Haller Emanuela, Florea Adina Magda, Leordeanu Marius
IEEE Trans Pattern Anal Mach Intell. 2022 Nov;44(11):7638-7656. doi: 10.1109/TPAMI.2021.3120228. Epub 2022 Oct 4.
We propose a dual system for unsupervised object segmentation in video, which brings together two modules with complementary properties: a space-time graph that discovers objects in videos and a deep network that learns powerful object features. The system uses an iterative knowledge exchange policy. A novel spectral space-time clustering process on the graph produces unsupervised segmentation masks passed to the network as pseudo-labels. The net learns to segment in single frames what the graph discovers in video and passes back to the graph strong image-level features that improve its node-level features in the next iteration. Knowledge is exchanged for several cycles until convergence. The graph has one node per each video pixel, but the object discovery is fast. It uses a novel power iteration algorithm computing the main space-time cluster as the principal eigenvector of a special Feature-Motion matrix without actually computing the matrix. The thorough experimental analysis validates our theoretical claims and proves the effectiveness of the cyclical knowledge exchange. We also perform experiments on the supervised scenario, incorporating features pretrained with human supervision. We achieve state-of-the-art level on unsupervised and supervised scenarios on four challenging datasets: DAVIS, SegTrack, YouTube-Objects, and DAVSOD. We will make our code publicly available.

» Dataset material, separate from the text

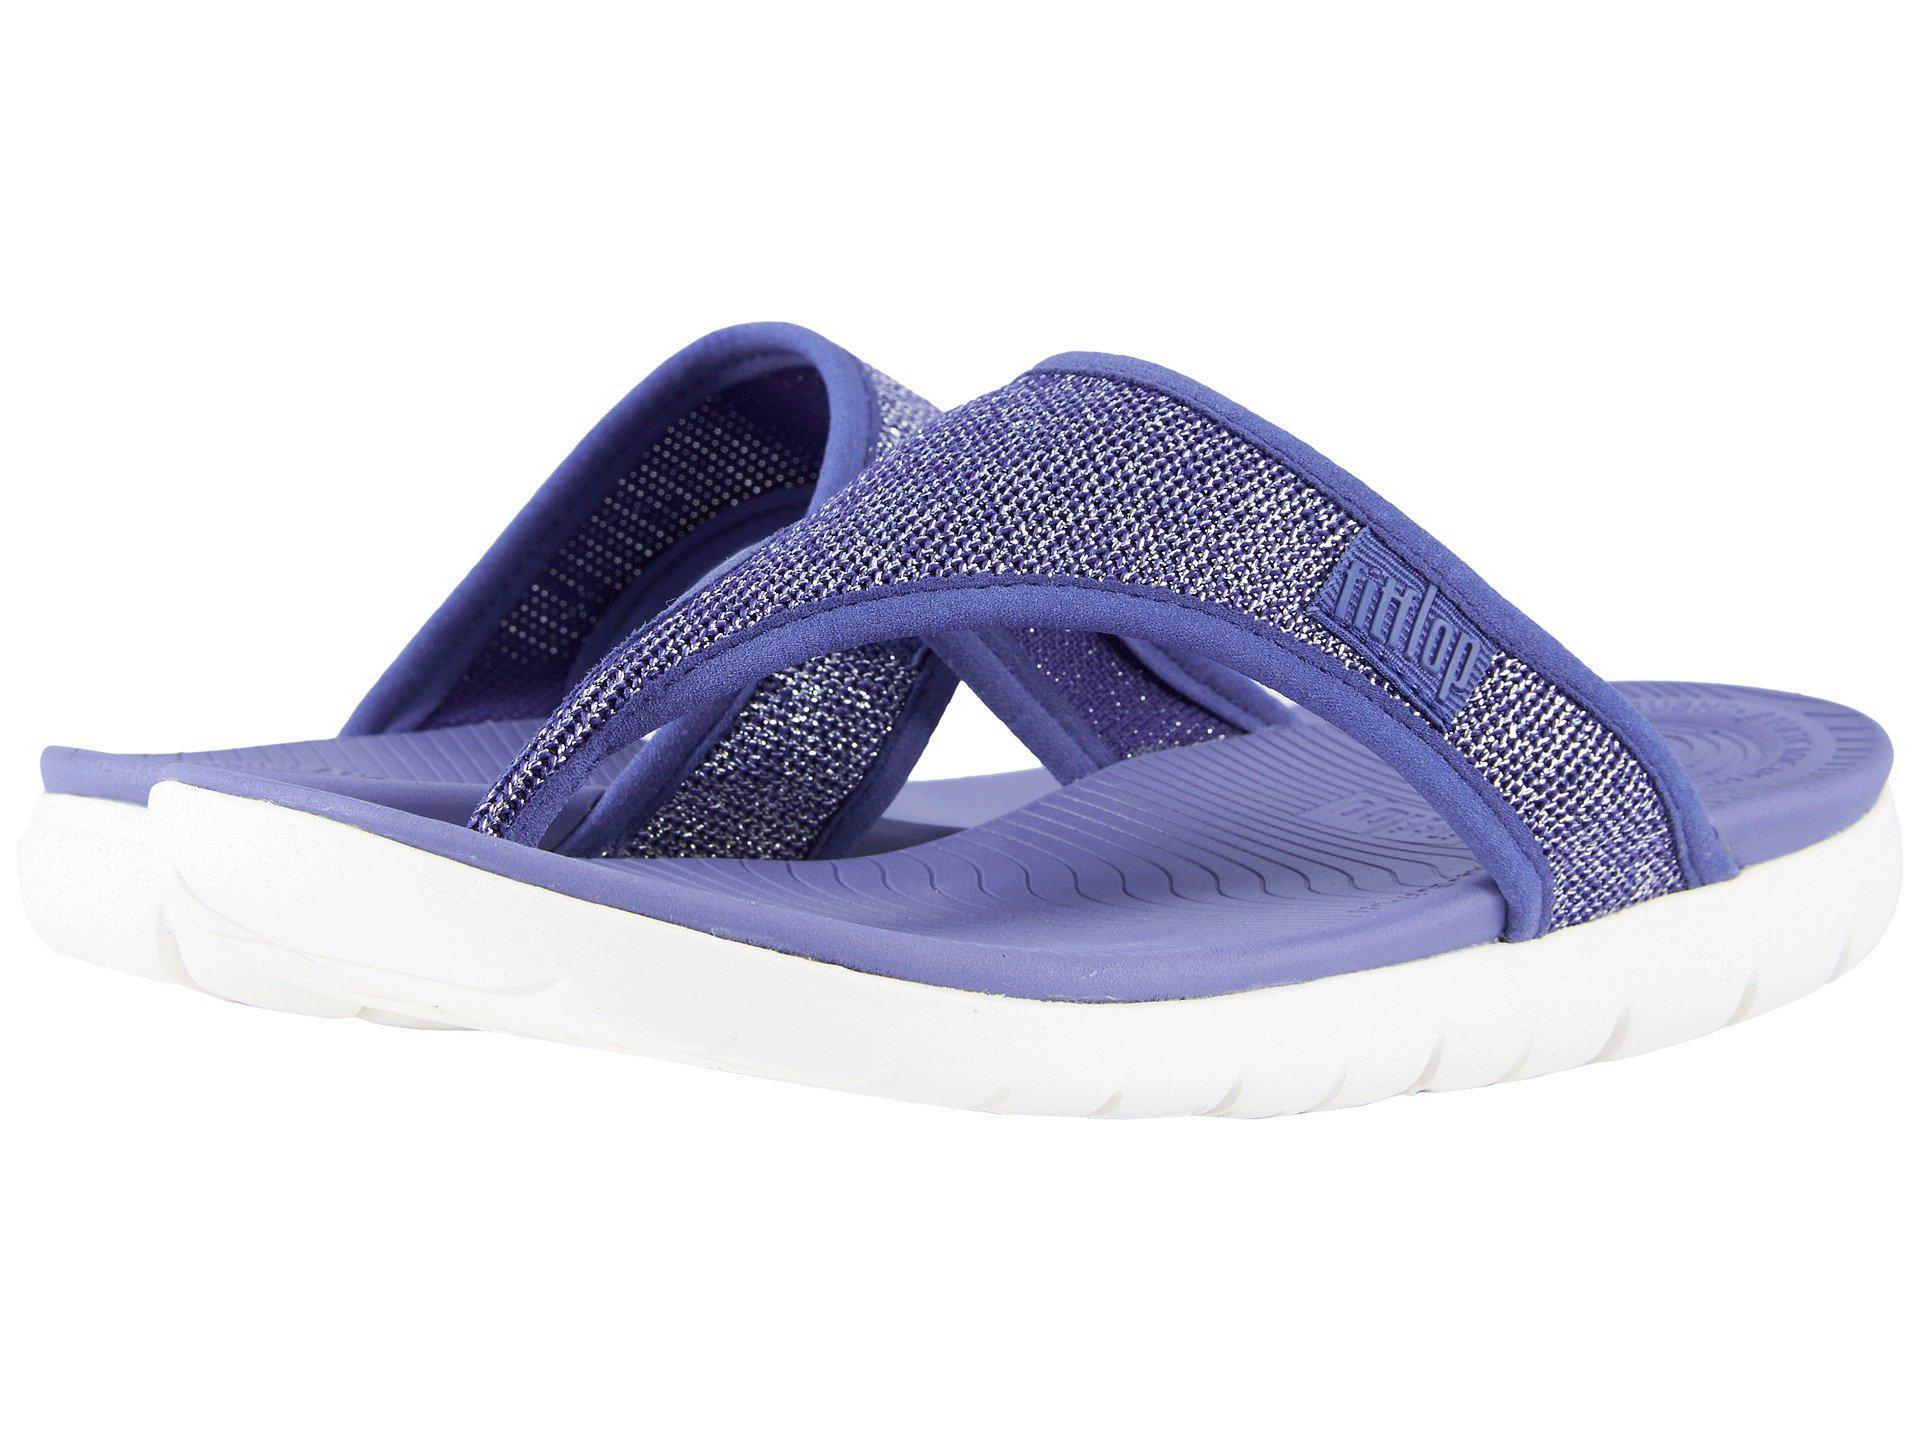 FitFlop Uberknit Toe Thong Sandals 63aTryKAa6
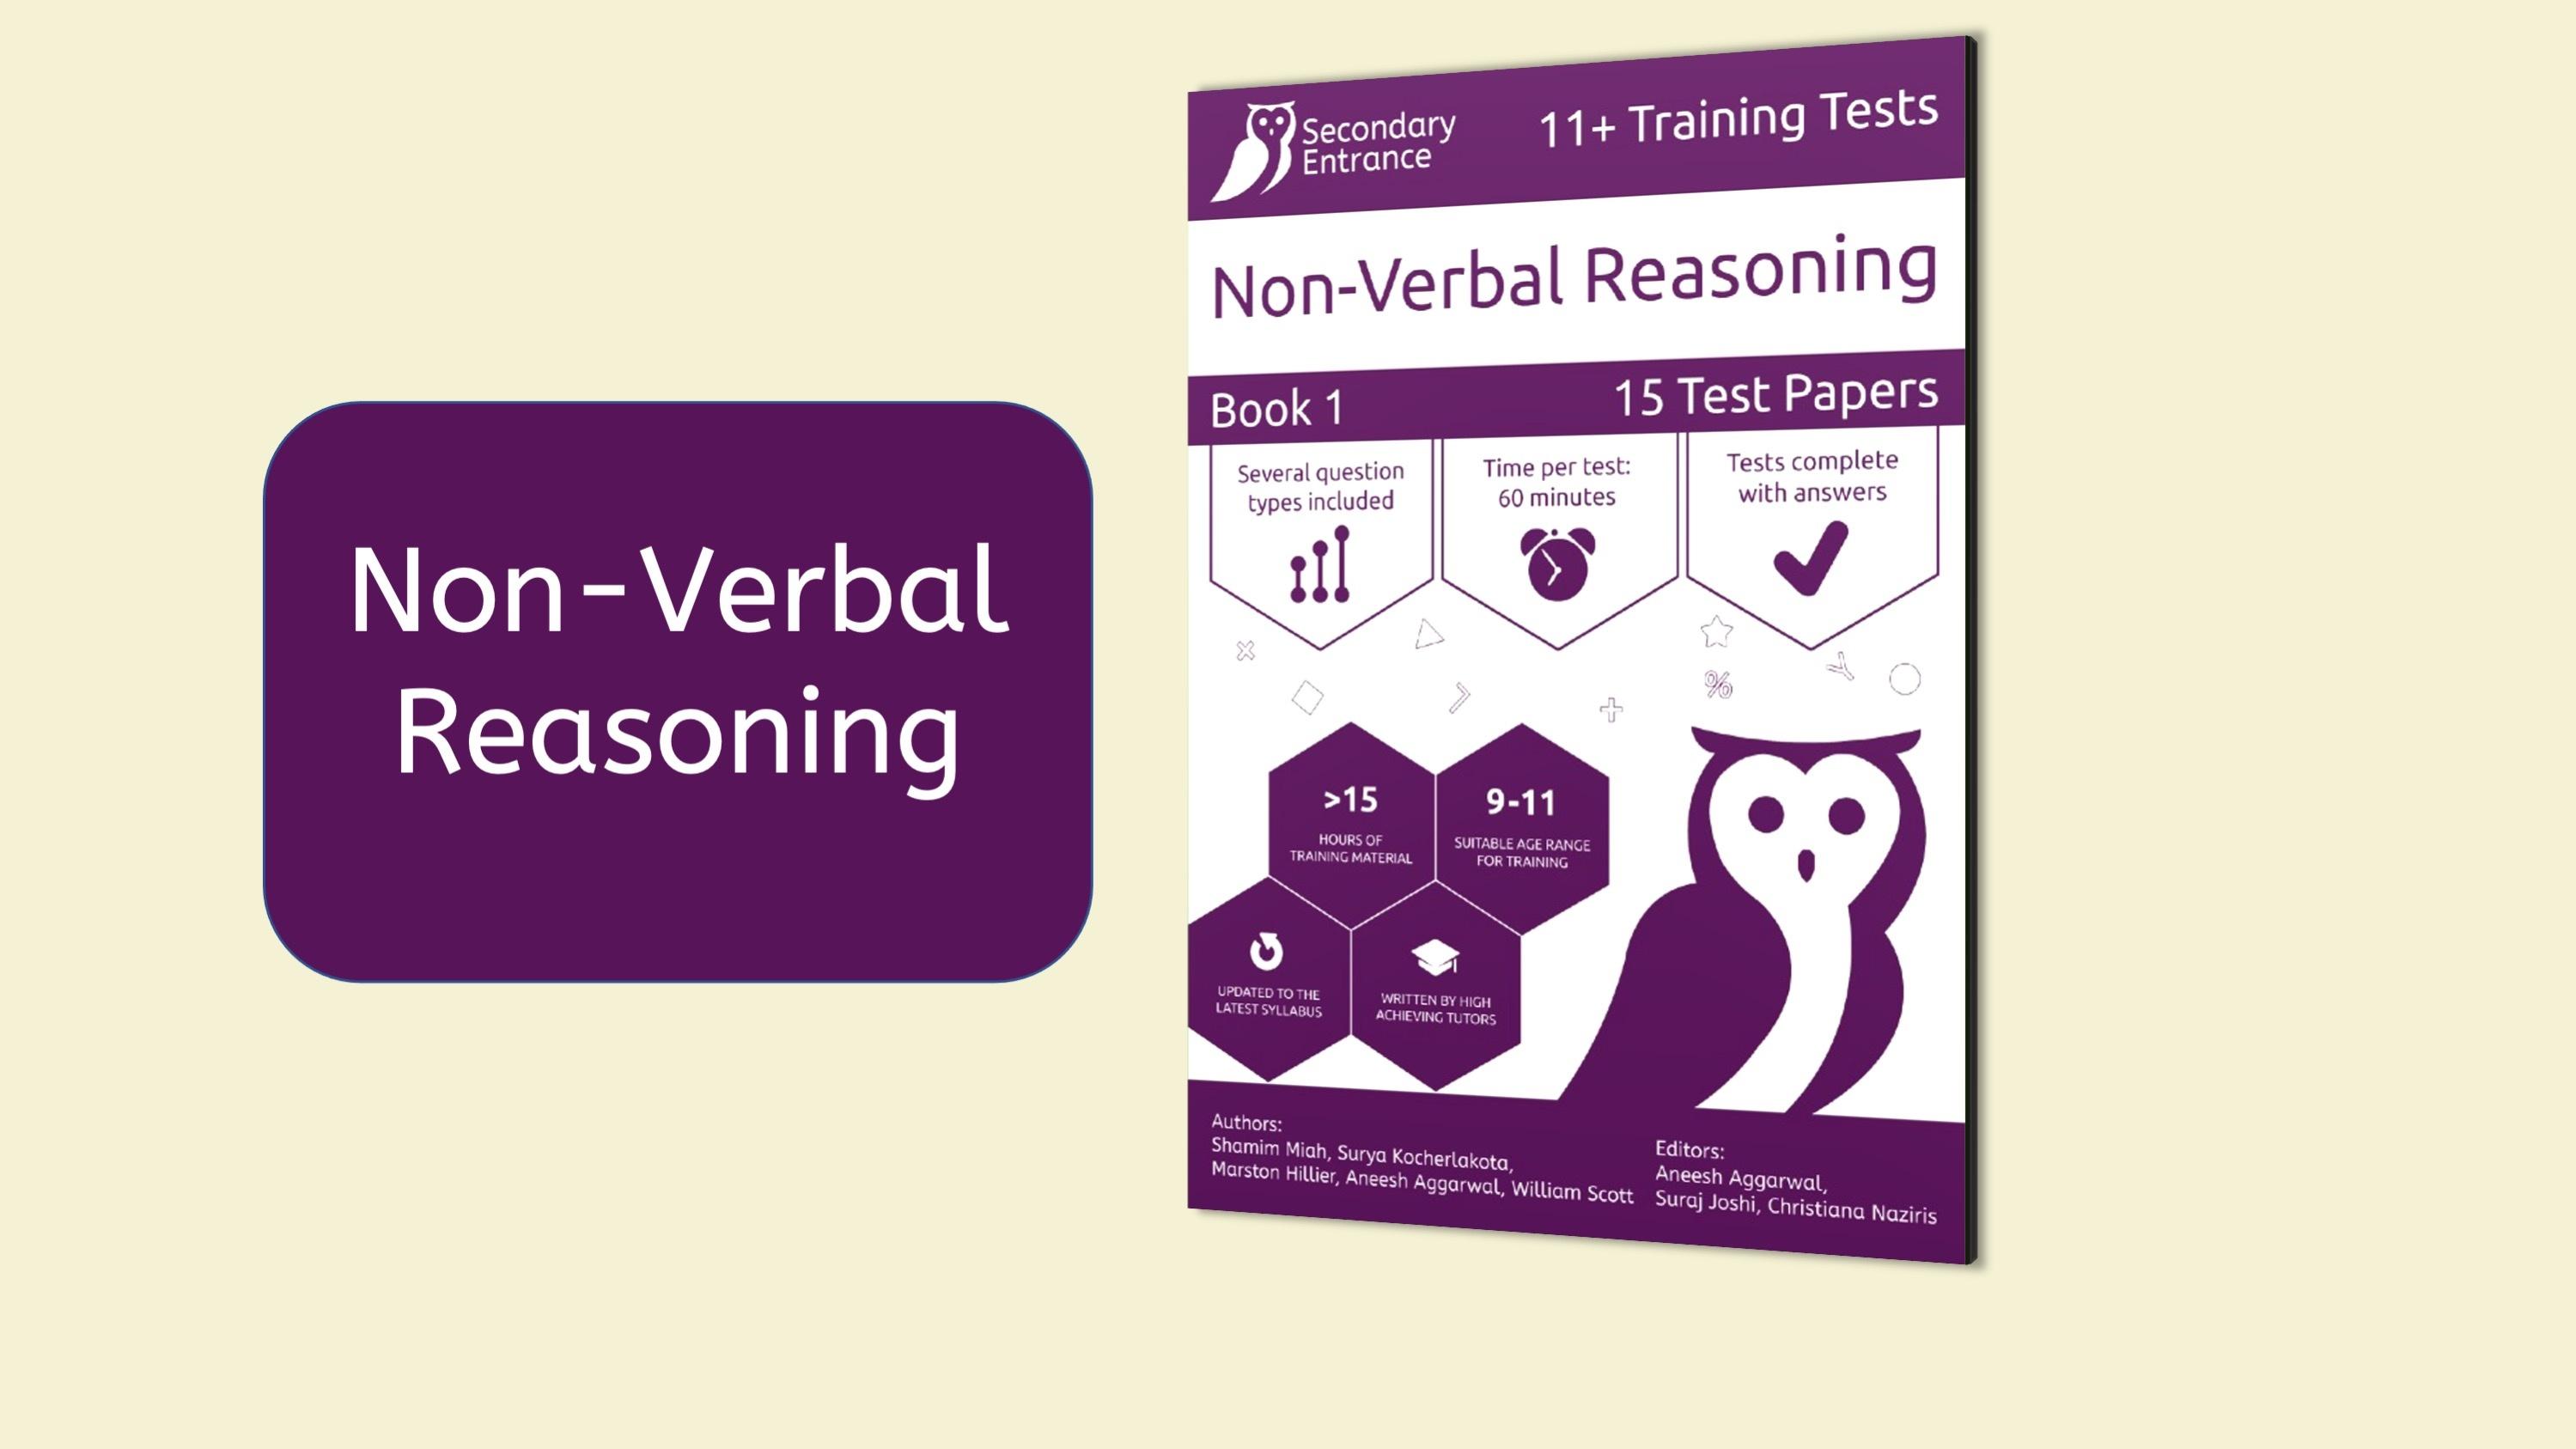 Non-Verbal Reasoning Courses

我们提出了一种用于视频中无监督目标分割的双重系统,该系统将两个具有互补特性的模块结合在一起:一个用于发现视频中目标的时空图,以及一个用于学习强大目标特征的深度网络。该系统采用迭代知识交换策略。图上一种新颖的谱时空聚类过程产生无监督分割掩码,并作为伪标签传递给网络。网络学习在单帧中分割图在视频中发现的内容,并将强大的图像级特征反馈给图,以在下次迭代中改进其节点级特征。知识交换进行多个循环直至收敛。图中每个视频像素都有一个节点,但目标发现速度很快。它使用一种新颖的幂迭代算法,通过计算特殊特征 - 运动矩阵的主特征向量来计算主要时空聚类,而无需实际计算该矩阵。全面的实验分析验证了我们的理论主张,并证明了循环知识交换的有效性。我们还在有监督的场景下进行了实验,纳入了在人类监督下预训练的特征。我们在四个具有挑战性的数据集DAVIS、SegTrack、YouTube - Objects和DAVSOD上的无监督和有监督场景中达到了当前最优水平。我们将公开我们的代码。